Task details
Nothing in the listing should differ in your copy; retype it all exactly.

Records for processing
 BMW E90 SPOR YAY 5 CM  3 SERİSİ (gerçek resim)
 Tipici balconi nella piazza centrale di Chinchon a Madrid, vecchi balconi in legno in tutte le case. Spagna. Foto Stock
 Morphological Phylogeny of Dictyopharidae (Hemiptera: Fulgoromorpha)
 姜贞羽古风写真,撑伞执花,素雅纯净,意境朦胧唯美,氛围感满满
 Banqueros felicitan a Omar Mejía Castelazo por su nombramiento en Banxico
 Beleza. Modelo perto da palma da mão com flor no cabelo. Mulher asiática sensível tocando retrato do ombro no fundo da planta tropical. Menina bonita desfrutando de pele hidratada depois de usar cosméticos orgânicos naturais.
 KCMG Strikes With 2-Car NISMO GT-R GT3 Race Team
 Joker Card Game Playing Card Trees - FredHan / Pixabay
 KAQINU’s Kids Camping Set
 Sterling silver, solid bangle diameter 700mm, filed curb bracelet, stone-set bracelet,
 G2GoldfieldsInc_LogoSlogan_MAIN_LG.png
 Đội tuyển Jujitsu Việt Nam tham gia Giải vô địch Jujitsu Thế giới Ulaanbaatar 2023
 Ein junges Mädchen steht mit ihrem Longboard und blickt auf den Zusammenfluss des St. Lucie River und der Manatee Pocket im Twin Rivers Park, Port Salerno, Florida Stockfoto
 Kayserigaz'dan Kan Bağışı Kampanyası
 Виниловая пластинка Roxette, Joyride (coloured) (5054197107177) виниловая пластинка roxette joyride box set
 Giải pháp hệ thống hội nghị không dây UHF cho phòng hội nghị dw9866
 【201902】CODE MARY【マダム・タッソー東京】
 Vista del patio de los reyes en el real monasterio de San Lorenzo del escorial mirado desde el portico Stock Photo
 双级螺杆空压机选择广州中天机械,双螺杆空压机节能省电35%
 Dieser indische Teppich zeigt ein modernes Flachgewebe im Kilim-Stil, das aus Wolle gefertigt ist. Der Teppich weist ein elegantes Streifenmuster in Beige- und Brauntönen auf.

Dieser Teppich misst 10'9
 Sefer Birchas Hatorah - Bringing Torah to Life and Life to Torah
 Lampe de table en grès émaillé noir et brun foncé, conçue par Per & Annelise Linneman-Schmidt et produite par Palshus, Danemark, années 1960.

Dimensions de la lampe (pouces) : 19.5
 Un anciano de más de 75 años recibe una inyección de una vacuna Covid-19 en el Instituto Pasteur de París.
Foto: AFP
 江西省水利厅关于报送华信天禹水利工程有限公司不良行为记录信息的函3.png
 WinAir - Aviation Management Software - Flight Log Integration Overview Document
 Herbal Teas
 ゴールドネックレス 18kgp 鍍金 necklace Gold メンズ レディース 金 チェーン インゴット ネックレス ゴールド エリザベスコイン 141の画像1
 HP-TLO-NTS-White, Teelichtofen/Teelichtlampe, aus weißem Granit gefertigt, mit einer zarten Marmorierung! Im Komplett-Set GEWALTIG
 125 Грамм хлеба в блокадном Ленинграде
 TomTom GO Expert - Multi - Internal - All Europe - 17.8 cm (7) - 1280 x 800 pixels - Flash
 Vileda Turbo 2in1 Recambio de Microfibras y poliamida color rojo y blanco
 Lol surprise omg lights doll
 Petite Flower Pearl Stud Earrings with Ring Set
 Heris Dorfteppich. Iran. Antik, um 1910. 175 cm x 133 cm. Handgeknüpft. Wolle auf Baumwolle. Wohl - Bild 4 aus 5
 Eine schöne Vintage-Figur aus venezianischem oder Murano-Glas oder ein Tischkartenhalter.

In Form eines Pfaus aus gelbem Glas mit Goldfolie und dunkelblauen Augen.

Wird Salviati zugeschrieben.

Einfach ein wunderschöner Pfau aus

Solution to this task
 BMW E90 SPOR YAY 5 CM  3 SERİSİ (gerçek resim)
 Tipici balconi nella piazza centrale di Chinchon a Madrid, vecchi balconi in legno in tutte le case. Spagna. Foto Stock
 Morphological Phylogeny of Dictyopharidae (Hemiptera: Fulgoromorpha)
 姜贞羽古风写真,撑伞执花,素雅纯净,意境朦胧唯美,氛围感满满
 Banqueros felicitan a Omar Mejía Castelazo por su nombramiento en Banxico
 Beleza. Modelo perto da palma da mão com flor no cabelo. Mulher asiática sensível tocando retrato do ombro no fundo da planta tropical. Menina bonita desfrutando de pele hidratada depois de usar cosméticos orgânicos naturais.
 KCMG Strikes With 2-Car NISMO GT-R GT3 Race Team
 Joker Card Game Playing Card Trees - FredHan / Pixabay
 KAQINU’s Kids Camping Set
 Sterling silver, solid bangle diameter 700mm, filed curb bracelet, stone-set bracelet,
 G2GoldfieldsInc_LogoSlogan_MAIN_LG.png
 Đội tuyển Jujitsu Việt Nam tham gia Giải vô địch Jujitsu Thế giới Ulaanbaatar 2023
 Ein junges Mädchen steht mit ihrem Longboard und blickt auf den Zusammenfluss des St. Lucie River und der Manatee Pocket im Twin Rivers Park, Port Salerno, Florida Stockfoto
 Kayserigaz'dan Kan Bağışı Kampanyası
 Виниловая пластинка Roxette, Joyride (coloured) (5054197107177) виниловая пластинка roxette joyride box set
 Giải pháp hệ thống hội nghị không dây UHF cho phòng hội nghị dw9866
 【201902】CODE MARY【マダム・タッソー東京】
 Vista del patio de los reyes en el real monasterio de San Lorenzo del escorial mirado desde el portico Stock Photo
 双级螺杆空压机选择广州中天机械,双螺杆空压机节能省电35%
 Dieser indische Teppich zeigt ein modernes Flachgewebe im Kilim-Stil, das aus Wolle gefertigt ist. Der Teppich weist ein elegantes Streifenmuster in Beige- und Brauntönen auf.

Dieser Teppich misst 10'9
 Sefer Birchas Hatorah - Bringing Torah to Life and Life to Torah
 Lampe de table en grès émaillé noir et brun foncé, conçue par Per & Annelise Linneman-Schmidt et produite par Palshus, Danemark, années 1960.

Dimensions de la lampe (pouces) : 19.5
 Un anciano de más de 75 años recibe una inyección de una vacuna Covid-19 en el Instituto Pasteur de París.
Foto: AFP
 江西省水利厅关于报送华信天禹水利工程有限公司不良行为记录信息的函3.png
 WinAir - Aviation Management Software - Flight Log Integration Overview Document
 Herbal Teas
 ゴールドネックレス 18kgp 鍍金 necklace Gold メンズ レディース 金 チェーン インゴット ネックレス ゴールド エリザベスコイン 141の画像1
 HP-TLO-NTS-White, Teelichtofen/Teelichtlampe, aus weißem Granit gefertigt, mit einer zarten Marmorierung! Im Komplett-Set GEWALTIG
 125 Грамм хлеба в блокадном Ленинграде
 TomTom GO Expert - Multi - Internal - All Europe - 17.8 cm (7) - 1280 x 800 pixels - Flash
 Vileda Turbo 2in1 Recambio de Microfibras y poliamida color rojo y blanco
 Lol surprise omg lights doll
 Petite Flower Pearl Stud Earrings with Ring Set
 Heris Dorfteppich. Iran. Antik, um 1910. 175 cm x 133 cm. Handgeknüpft. Wolle auf Baumwolle. Wohl - Bild 4 aus 5
 Eine schöne Vintage-Figur aus venezianischem oder Murano-Glas oder ein Tischkartenhalter.

In Form eines Pfaus aus gelbem Glas mit Goldfolie und dunkelblauen Augen.

Wird Salviati zugeschrieben.

Einfach ein wunderschöner Pfau aus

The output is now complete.